What this task involves: Find the line with "REVEL, FRANCIA, 15" in the data below. Repeat it and every line after it up to the end, exactly, but drop the pictures.
*** Raw data
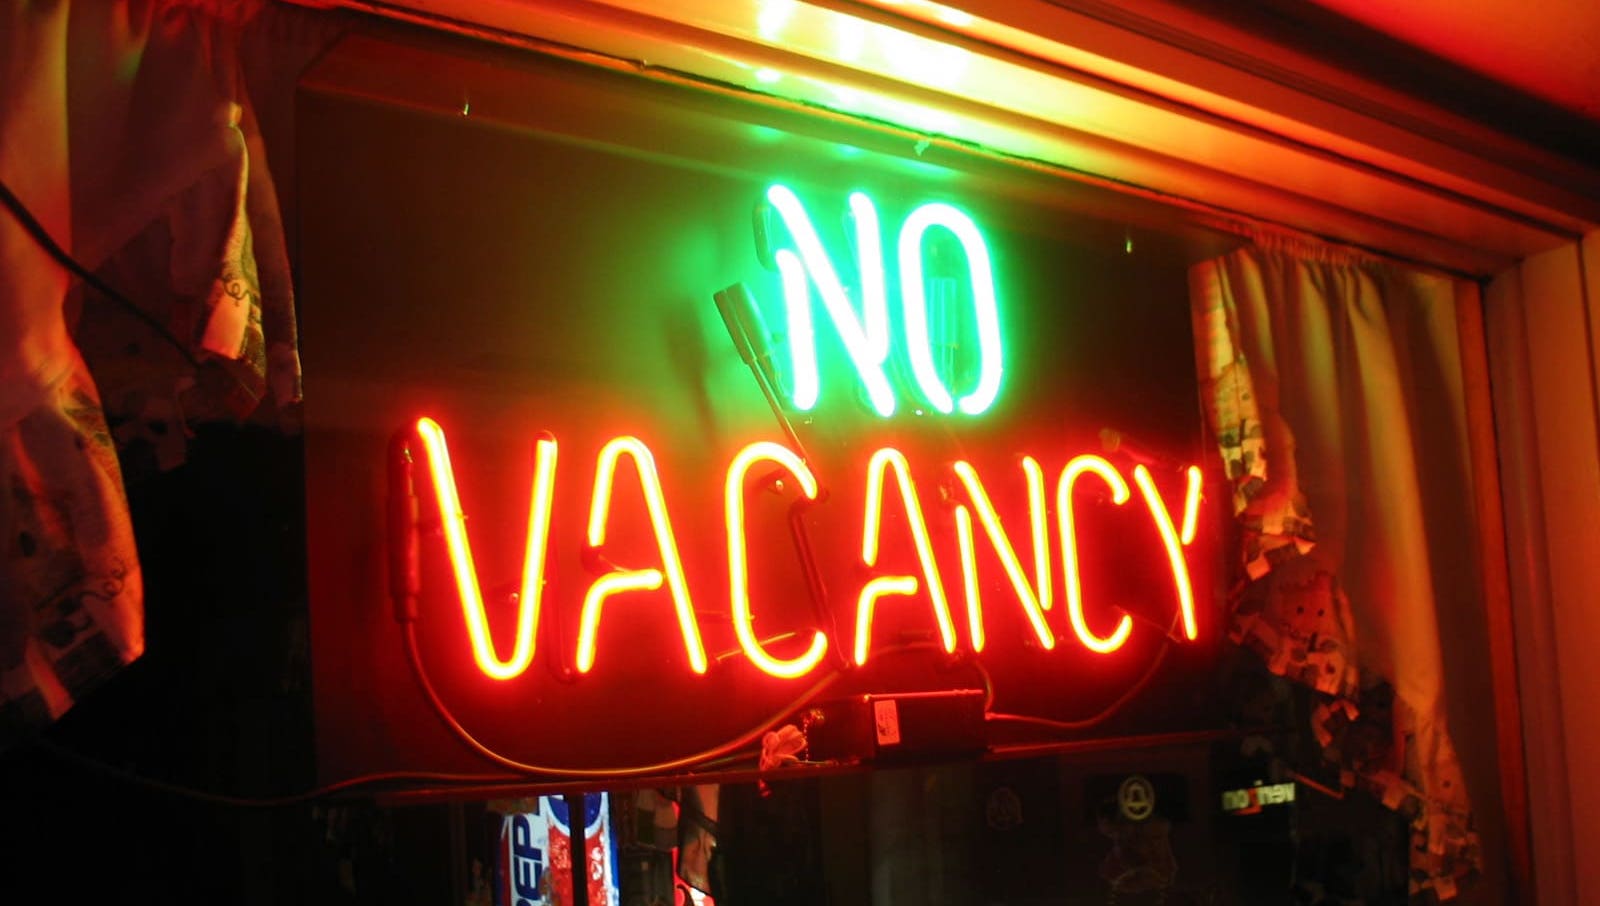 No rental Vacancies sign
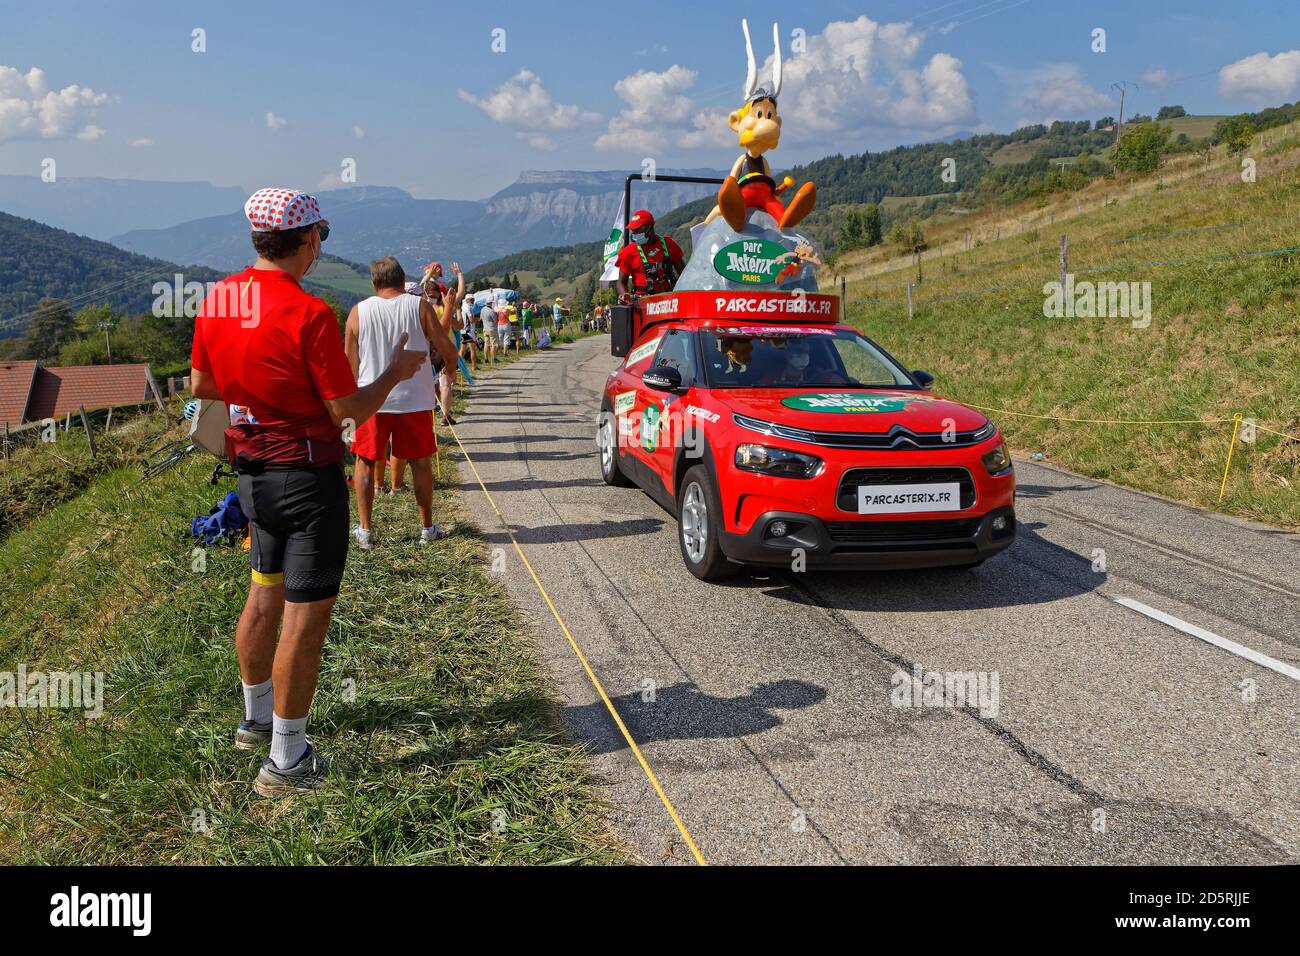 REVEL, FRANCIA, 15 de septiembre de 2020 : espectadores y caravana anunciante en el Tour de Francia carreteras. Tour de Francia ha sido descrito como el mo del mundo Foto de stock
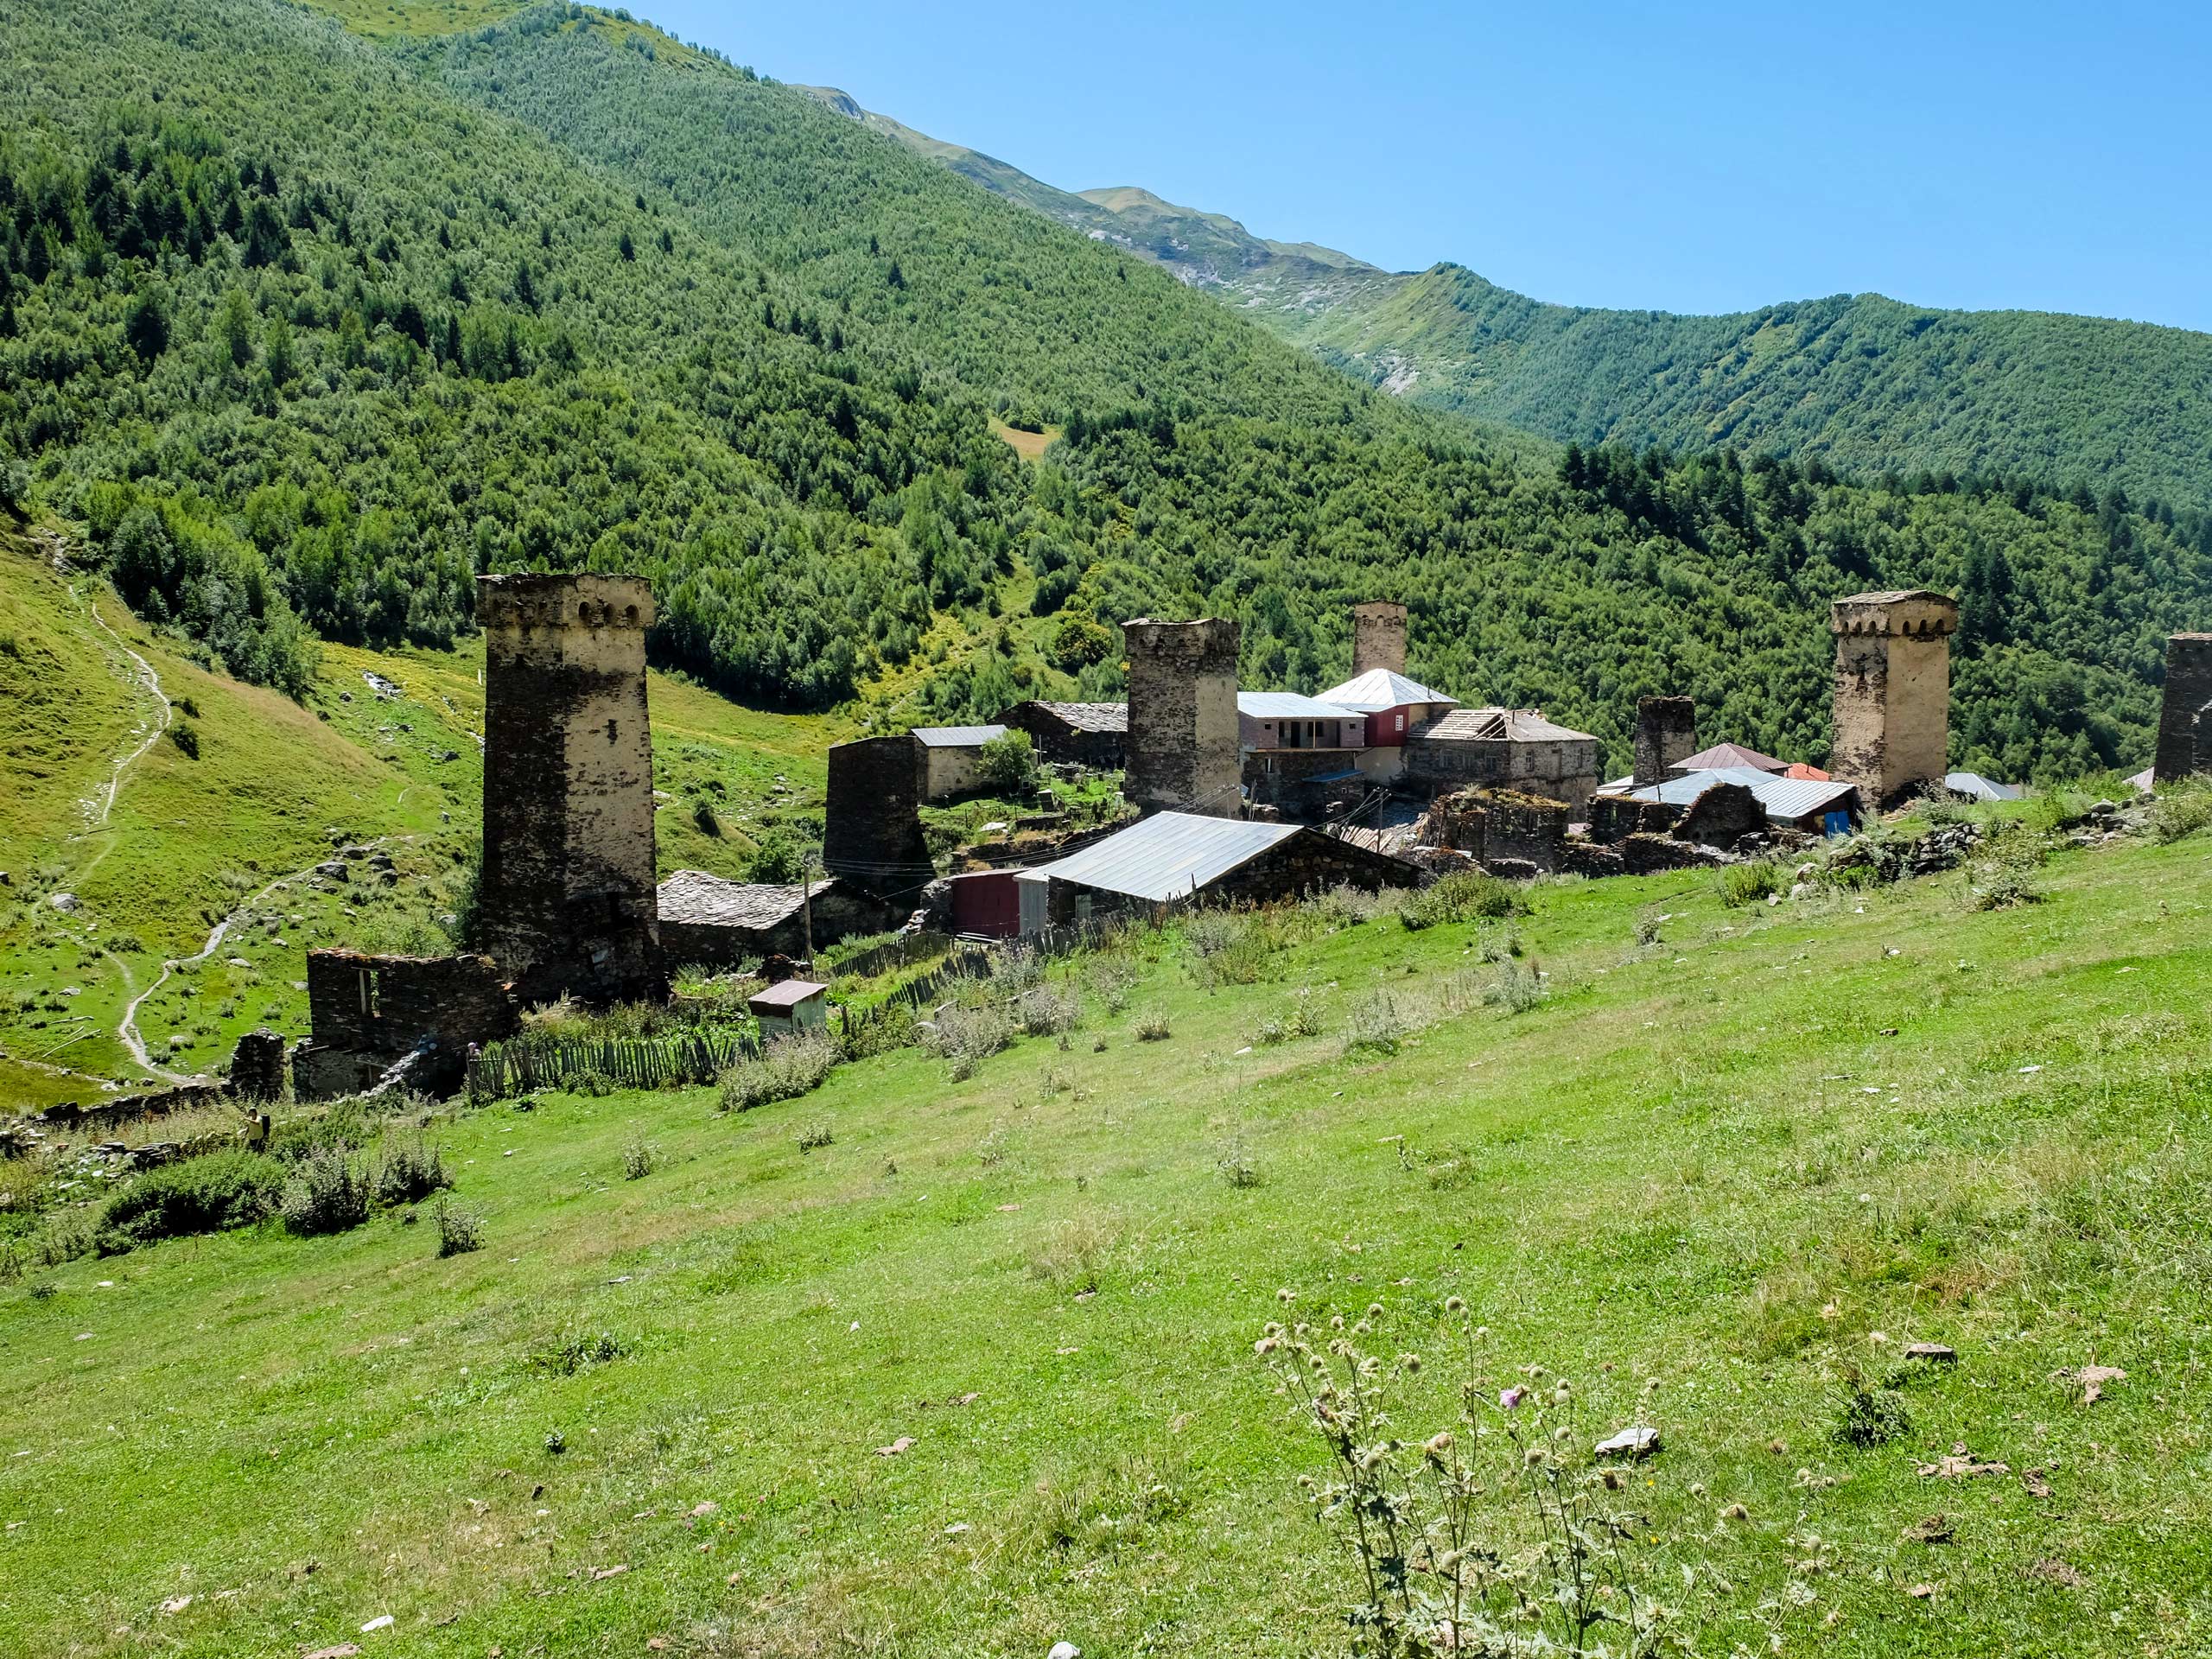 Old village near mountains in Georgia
******
Exercise result:
 REVEL, FRANCIA, 15 de septiembre de 2020 : espectadores y caravana anunciante en el Tour de Francia carreteras. Tour de Francia ha sido descrito como el mo del mundo Foto de stock
 Old village near mountains in Georgia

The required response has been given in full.